Whenever a picture appears, leave it out while repeating all the other data exactly.

Start of Information shown

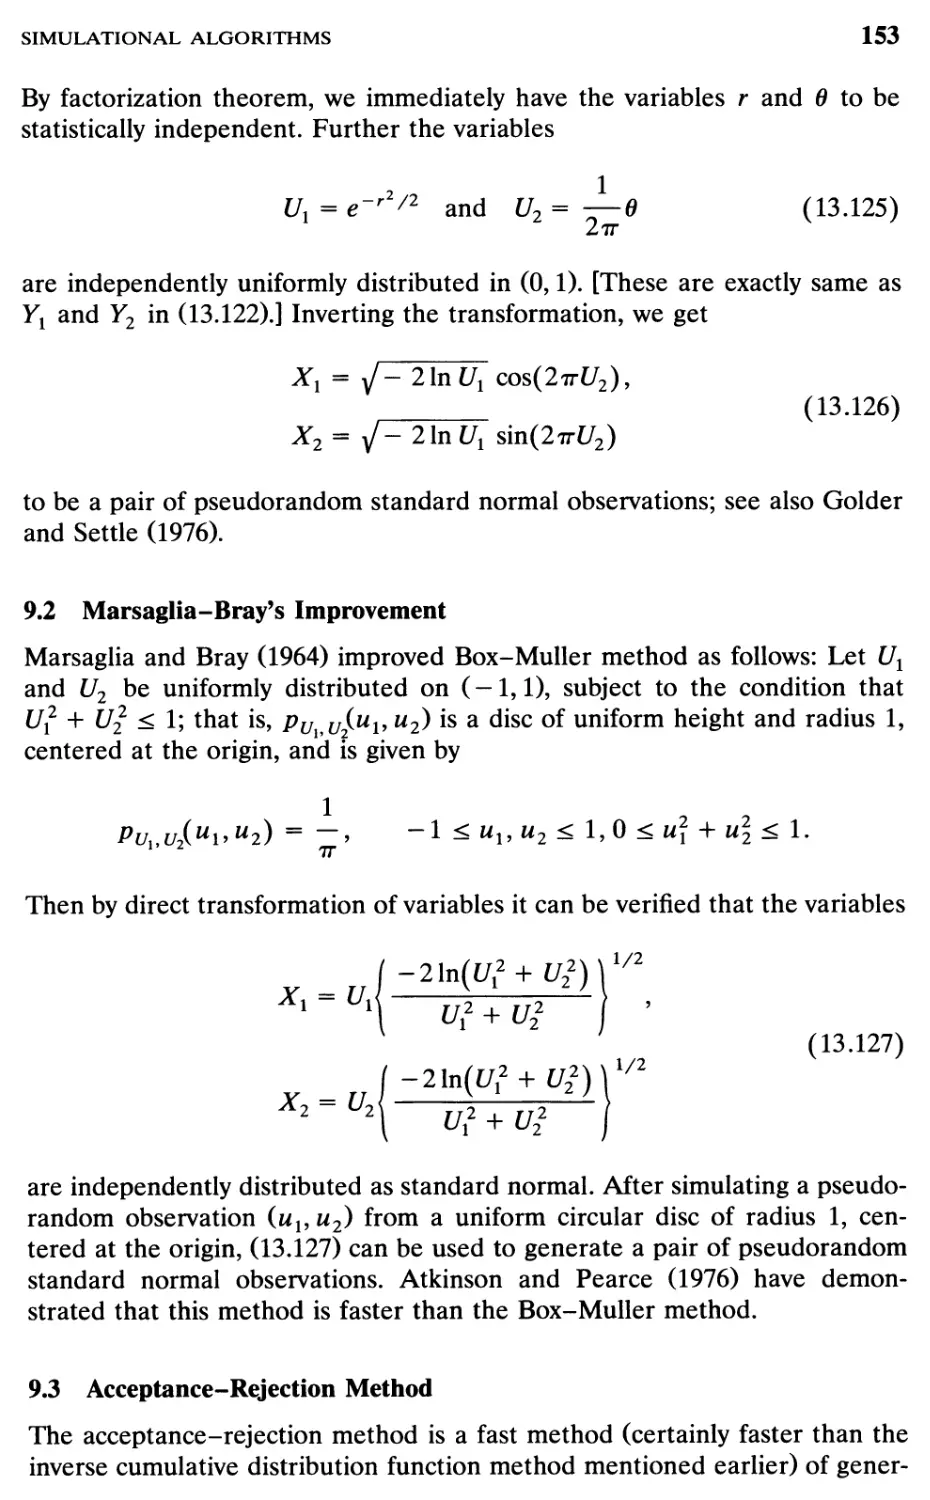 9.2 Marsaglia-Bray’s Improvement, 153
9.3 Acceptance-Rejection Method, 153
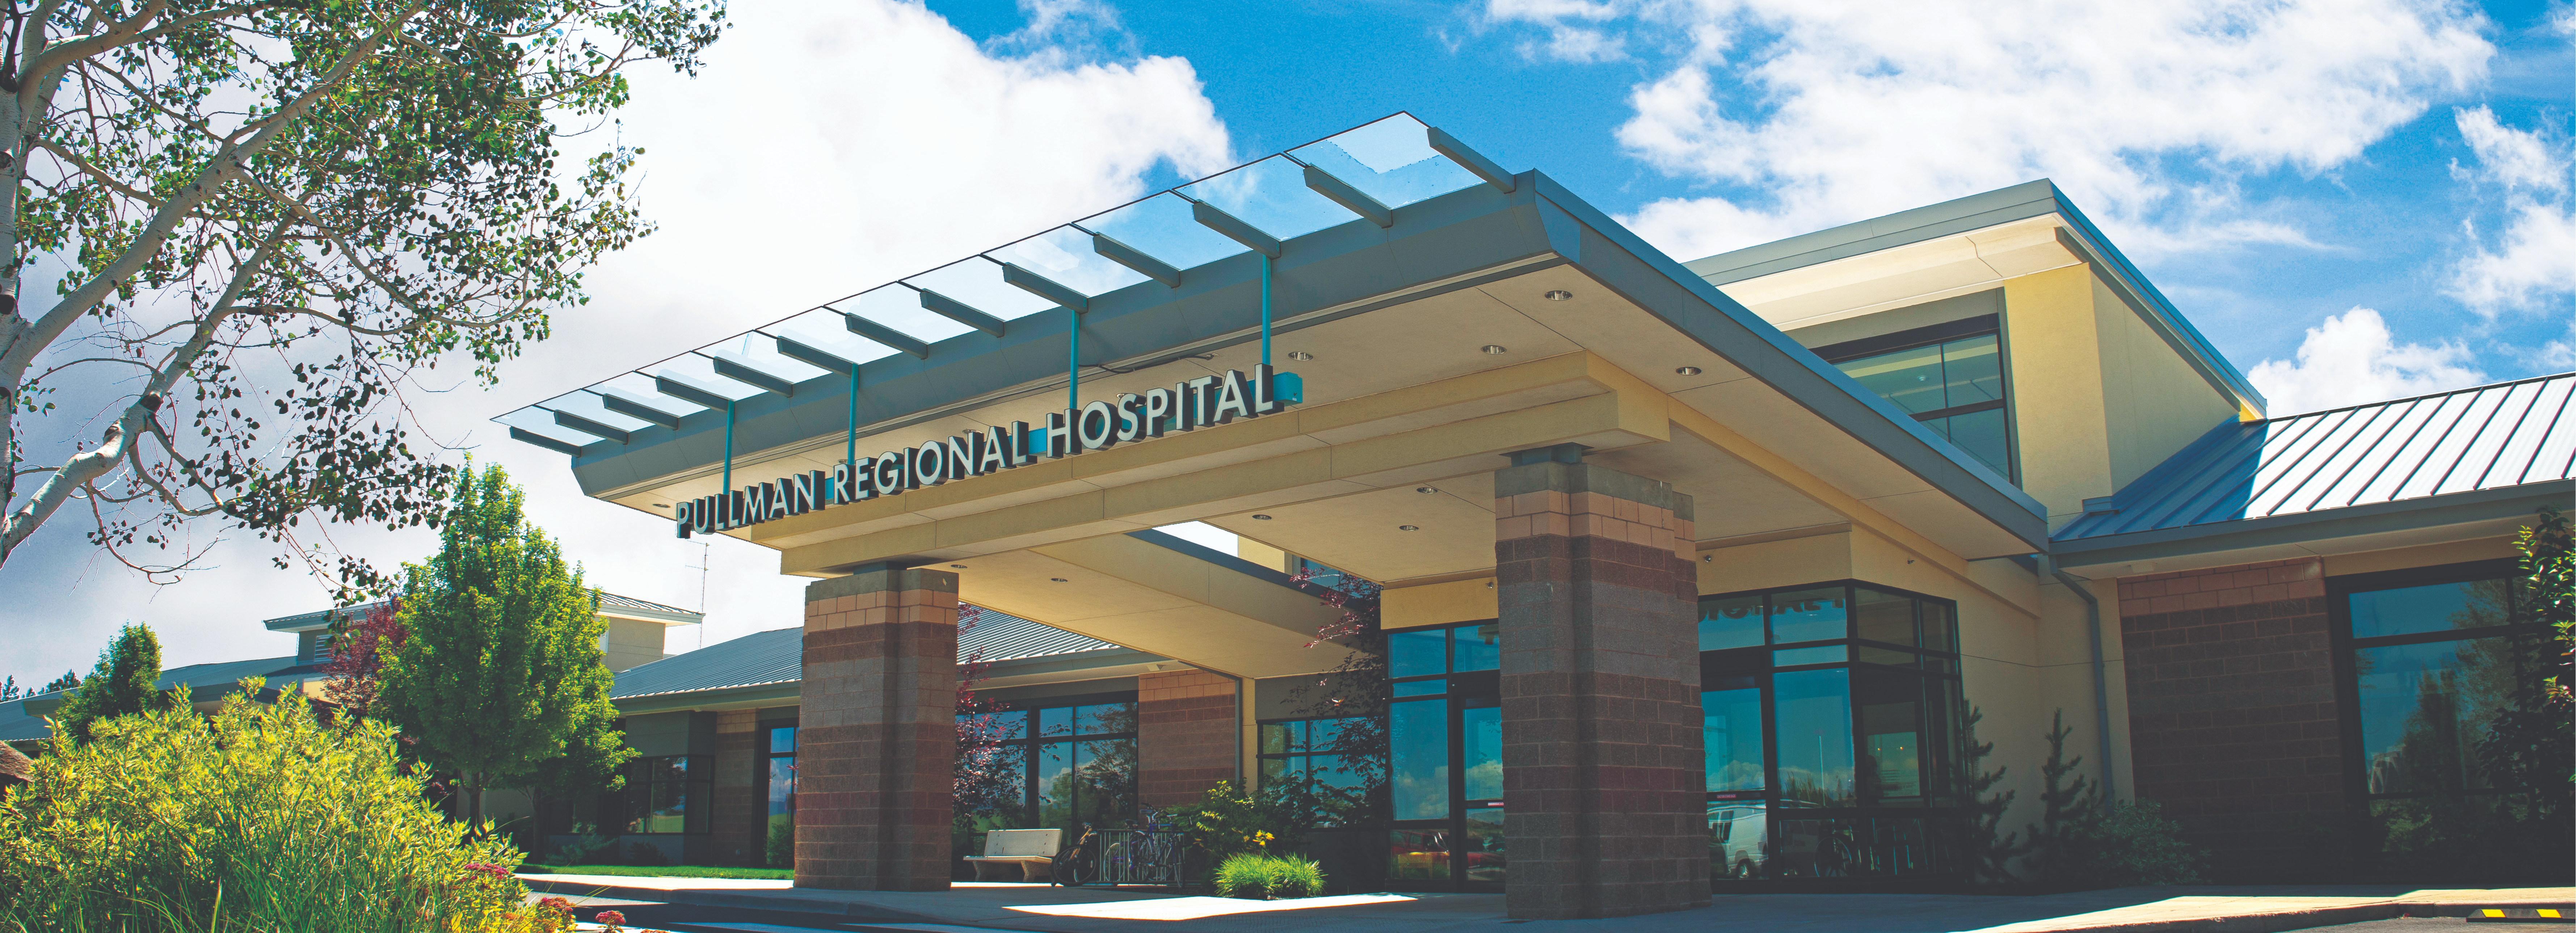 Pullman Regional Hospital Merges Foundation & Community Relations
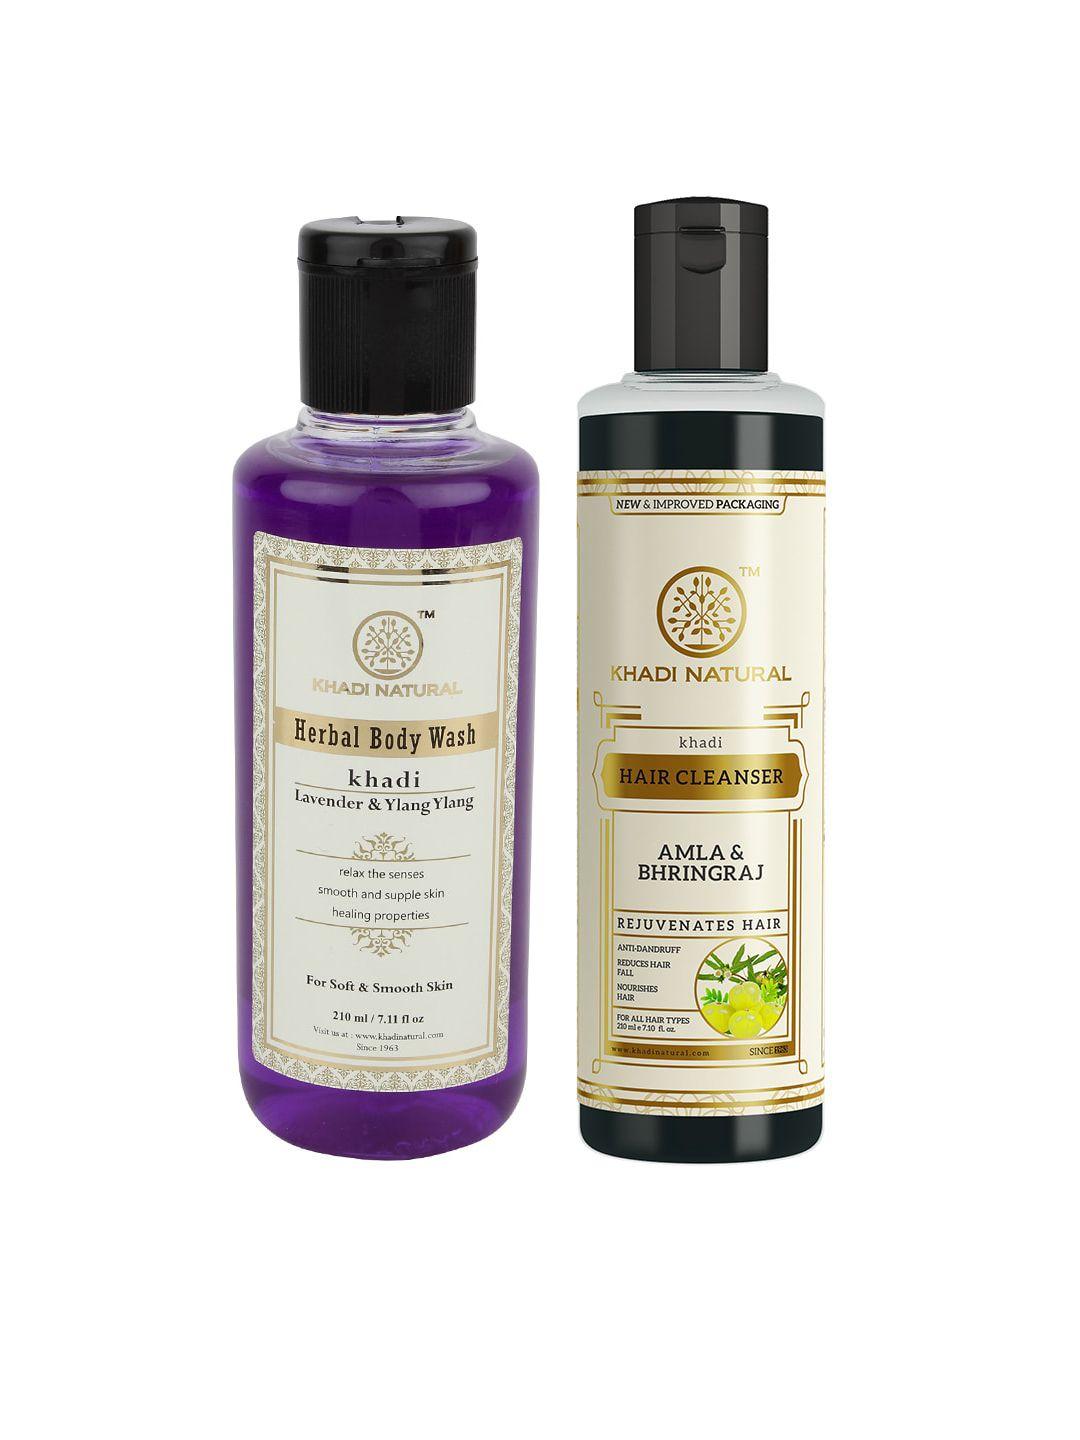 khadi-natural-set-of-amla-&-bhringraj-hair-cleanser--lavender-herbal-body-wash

End of Information shown

= Answer to the problem =
 9.2 Marsaglia-Bray’s Improvement, 153
9.3 Acceptance-Rejection Method, 153
 Pullman Regional Hospital Merges Foundation & Community Relations
 khadi-natural-set-of-amla-&-bhringraj-hair-cleanser--lavender-herbal-body-wash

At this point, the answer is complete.